Type 1 diabetes is burdensome. When designing tools to help manage it... don't add to the burden, okay?
Seems simple enough, but most of the tools a diabetic is given are not designed with this in mind. They're intended to keep a person alive, which is certainly a good thing, but the actual usability is often lacking.
The truly awesome Scott Hanselman nails it:
So, when building an ambulatory system, which by definition, is to be taken with the patient, it needs to benefit beyond the burden.
Our very first pass at combining the CGM and an Android phone:
We put this in a pouch, and it worked well... until we discovered the G4's biggest weakness: the USB port. Apparently, even normal force and use can snap these bad-boys off of the PCB. So, in this configuration, it took about 2 weeks to snap it off...

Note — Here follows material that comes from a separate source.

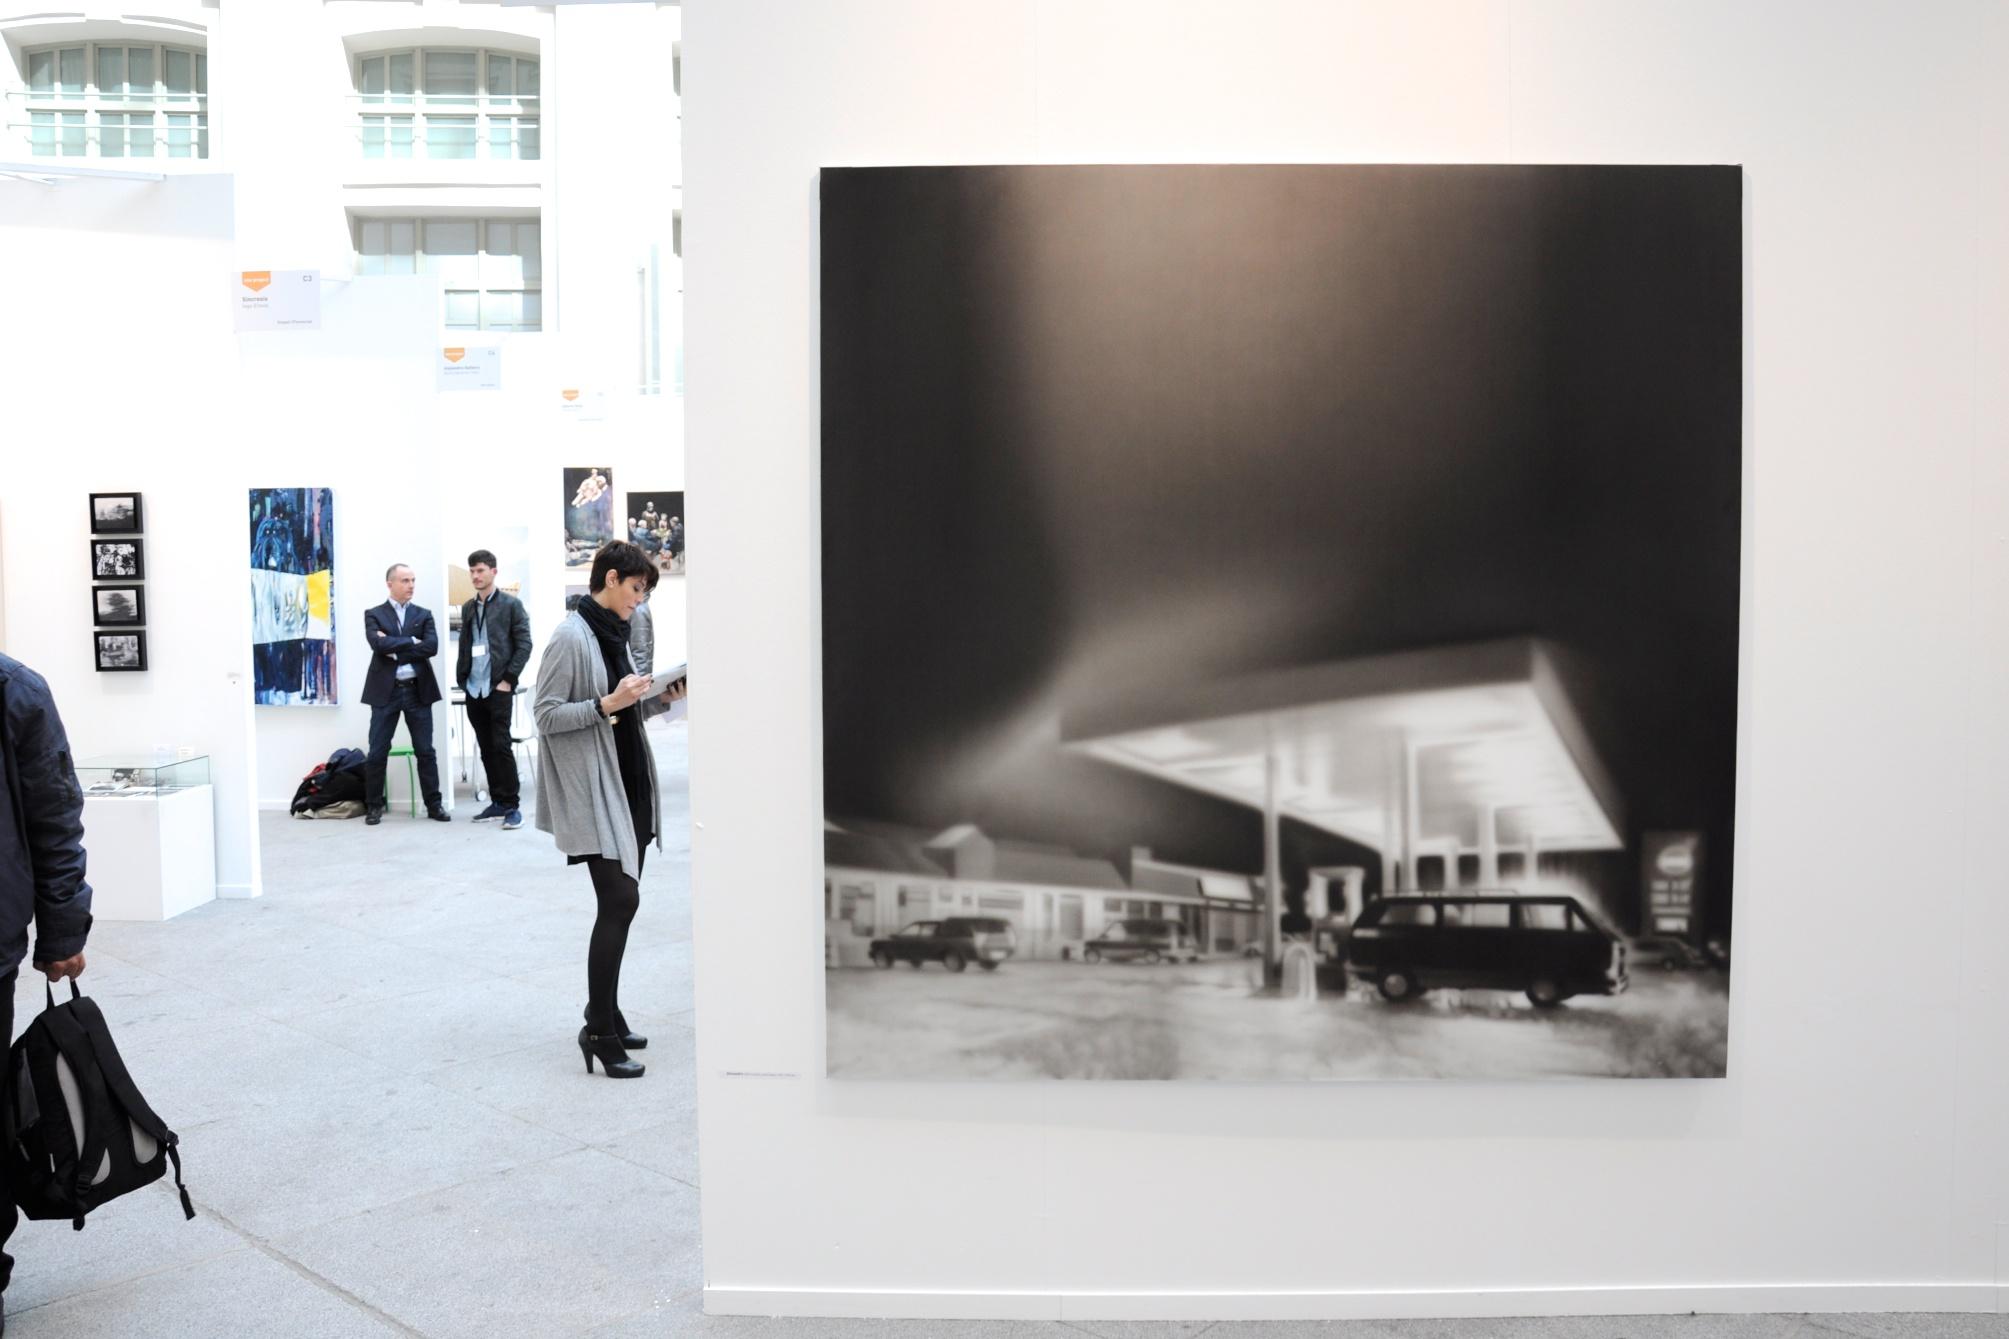 Galerias de arte contemporáneo España. Salamanca Espacio Nuca Eduardo Nuca ferias exposiciones eventos exhibiciones galería arte artístico artistas conceptual

I went to amazon and searched for "small plastic cases" and after hitting a few variations on those terms, I found this:
It's a "Fly Box" and comes it several sizes, and living in the Finger Lakes region, the waterproof 'feature' would come in handy.
We ended up using two cases, one to maintain the waterproof-ness, and another for day to day use that allowed access to the control pad on the CGM:
And this worked well for kindergarten, when combined with a "fanny pack" that holds other essential supplies, it made it easy for Evan to keep with him. He rarely wears it, but it is a nice option to have.
For 1st grade, we wanted to shrink it down further - custom PCBs & 3D printed cases came to mind, but for our hack, these fly cases work well and don't cost very much (~$20).
The trick then is to find a SMALL Android phone with OTG capabilities. They're rare, and the trend in phone design is headed in the wrong direction... as far as this project is concerned. So, we dip back in time and try out an Xperia Ray (c. 2011). The G4 & Xperia Ray are very similar in size, so I put them in the smallest fly box (~3x5)... it works great, and is much smaller than "last years" model.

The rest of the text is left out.